Am 13.6.1995 wurden auf Anordnung der Bundesanwaltschaft (BAW) bundesweit über 80 Privatwohnungen, Arbeitsplätze und linke Zentren von der Polizei gestürmt und durchsucht. Vier Männer wurden im Zuge dieser Maßnahme für ein halbes Jahr in Untersuchungshaft festgehalten, drei weitere Männer und eine Frau konnten sich nur durch ihr Abtauchen der Haft entziehen. Die bundesanwaltschaftlichen Begründungen für diesen Angriff auf linke Strukturen waren Ermittlungen gegen die Zeitung „radikal“ und die Gruppen Antiimperialistische Zellen (AIZ), das K.O.M.M.I.T.E.E und die RAF. Am selben Abend äußerte sich Innenminister Kanther dahingehend, es habe sich bei dieser Aktion um eine „zielgerichtete päventive Maßnahme“ gegen linken Widerstand gehandelt. Dieses war der Auftakt einer Repressionswelle von bedeutendem Ausmaß, die bis heute andauert.
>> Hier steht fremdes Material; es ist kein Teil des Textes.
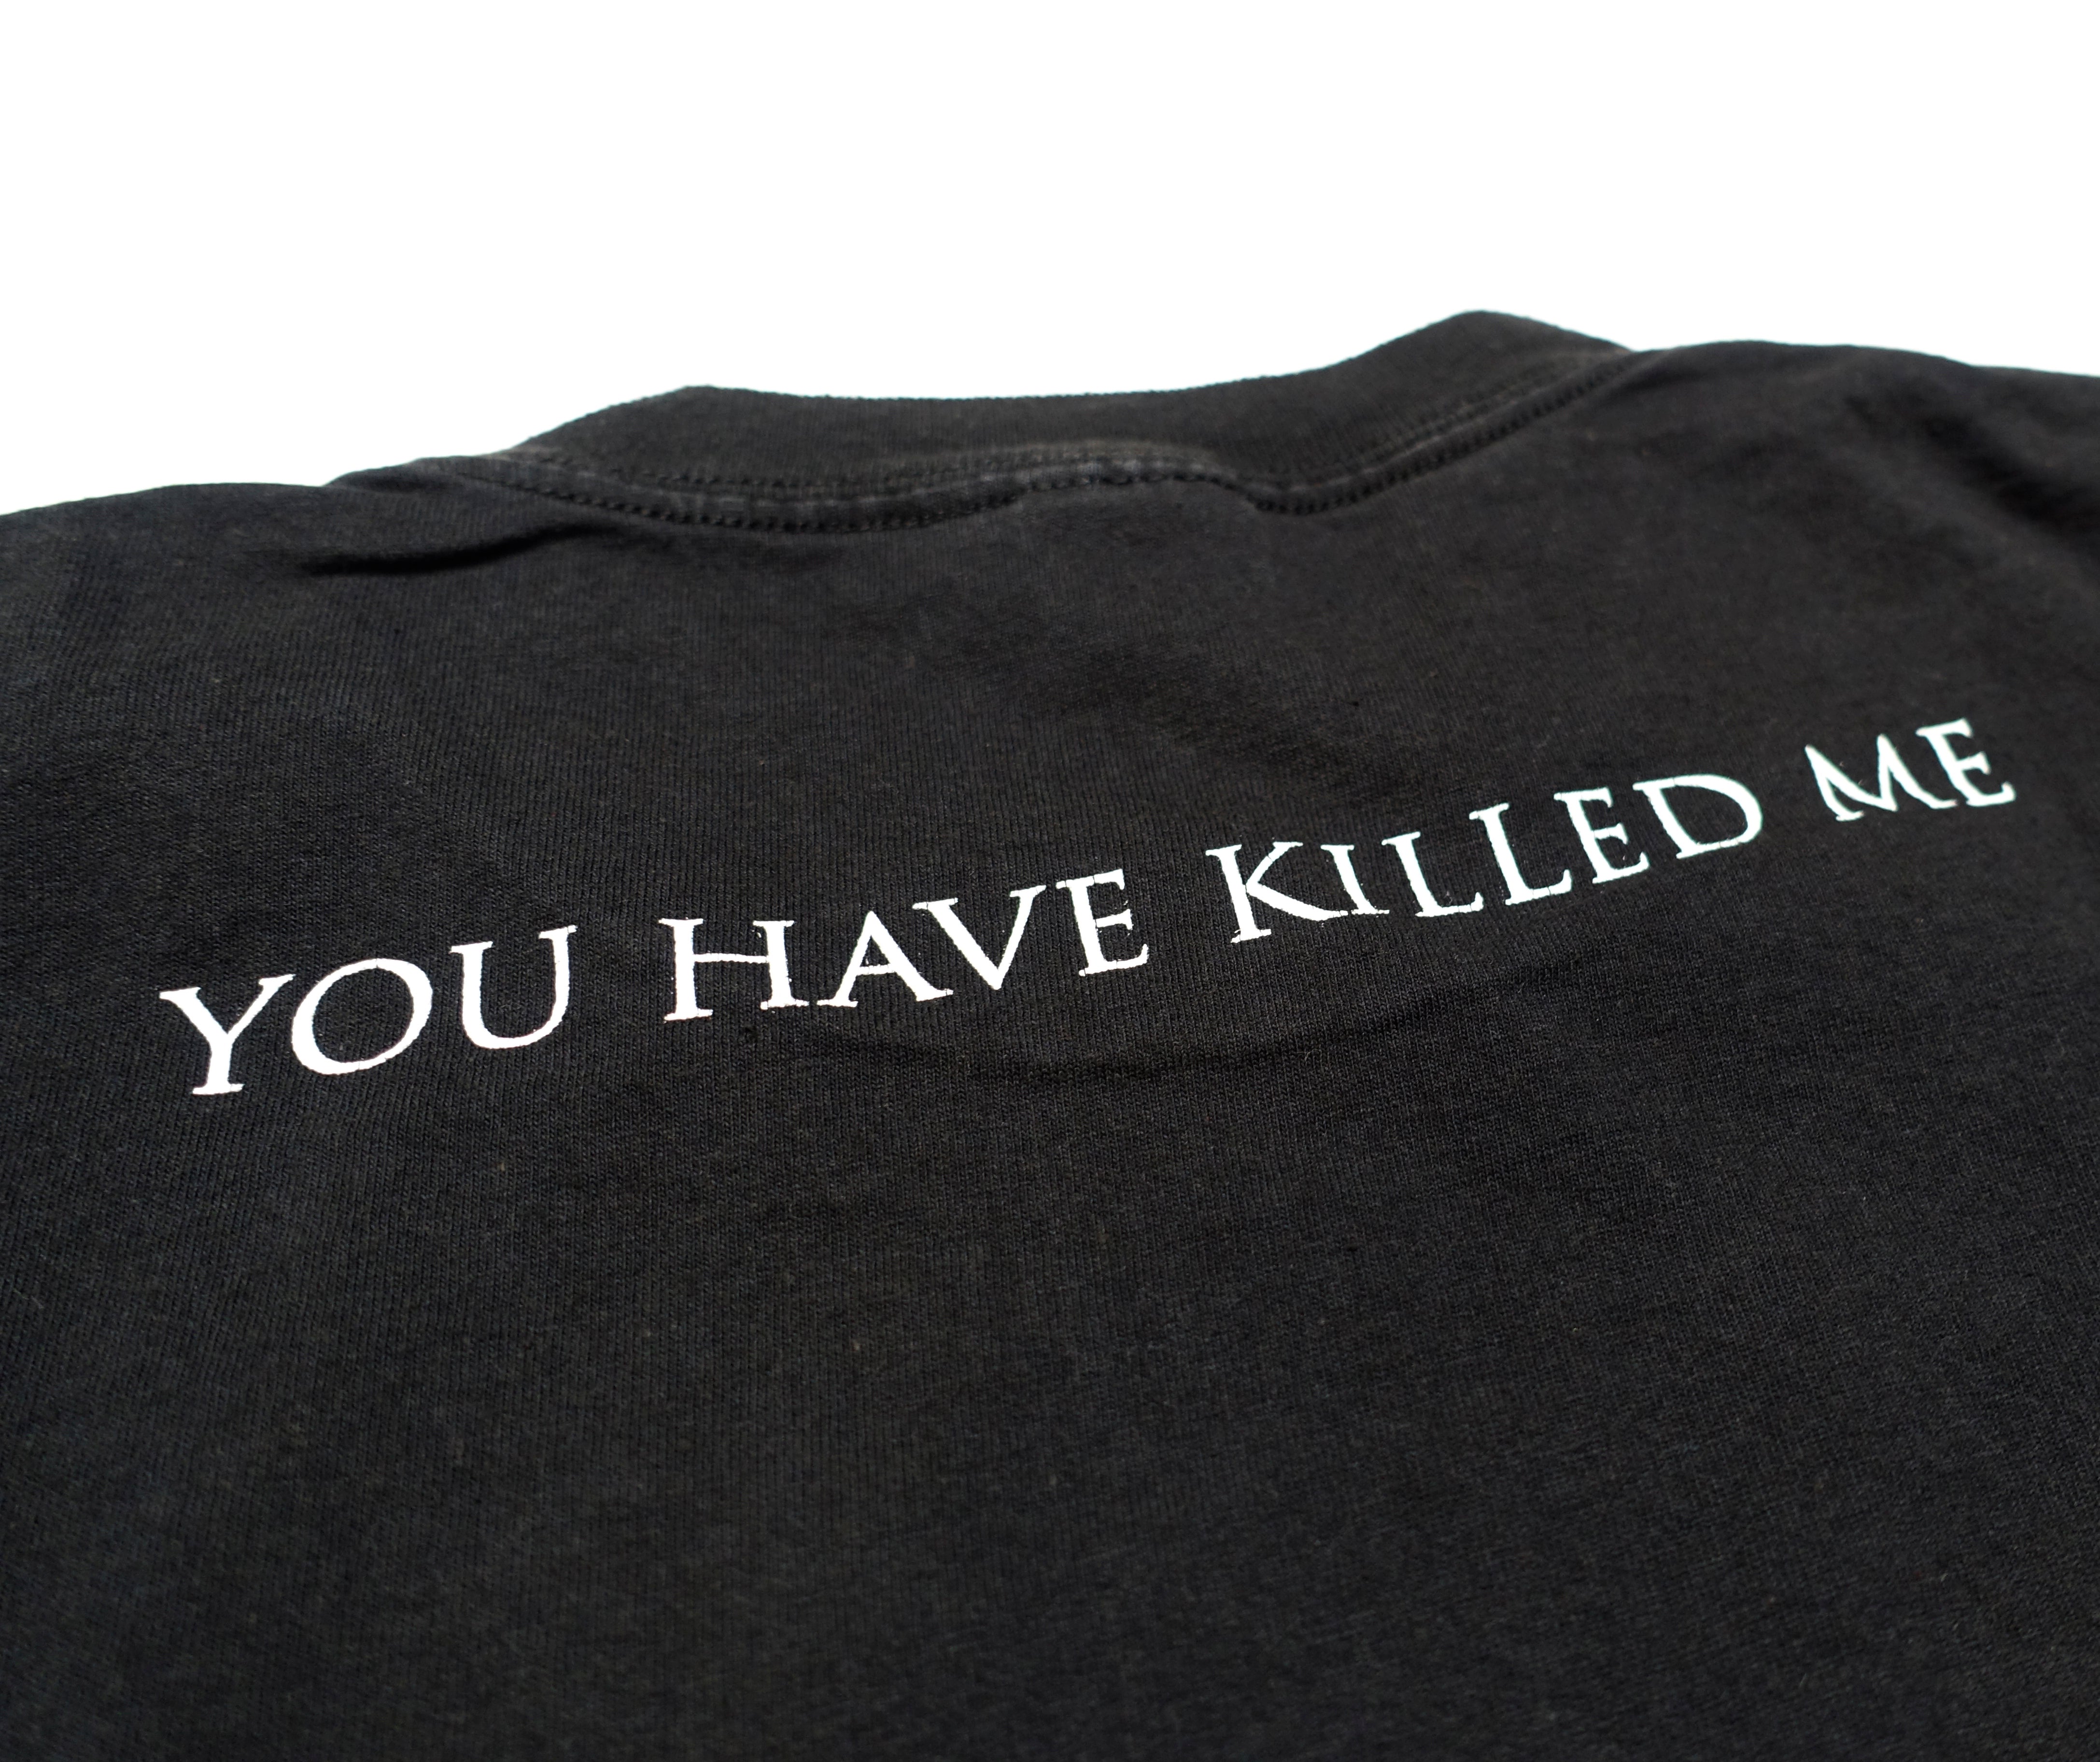 Morrissey - You Have Killed Me Promo Only Shirt Size Large

Zum Hintergrund der Kriminalisierung

Der Angriff gegen die seit mittlerweile 20 Jahren bestehende Zeitschrift „radikal“ richtet sich gegen ein Projekt, das sich als Teil des linken Widerstandes in der BRD begreift. In Form einer unzensierten Widerstandspresse bietet die Zeitung ein Diskussionsforum für linke Geschichte, Theorie und eine daraus folgende Praxis. Gerade auch Beiträge und Kommentierungen einer militanten Praxis wurden von den bundesdeutschen Verfolgungsbehörden seit Bestehen der Zeitung immer wieder als Repressionshebel genutzt. Als Reaktion darauf und verbunden mit der Möglichkeit, auch weiterhin unzensiert zu informieren, wurde die Produktion und später auch der Vertrieb der „radikal“ seit Mitte der 80er Jahre verdeckt organisiert. Die „radikal“ steht also sowohl für eine Kontinuität linken Widerstandes und Diskussion als auch für einen Organisierungsansatz und die Option auf militante Politik.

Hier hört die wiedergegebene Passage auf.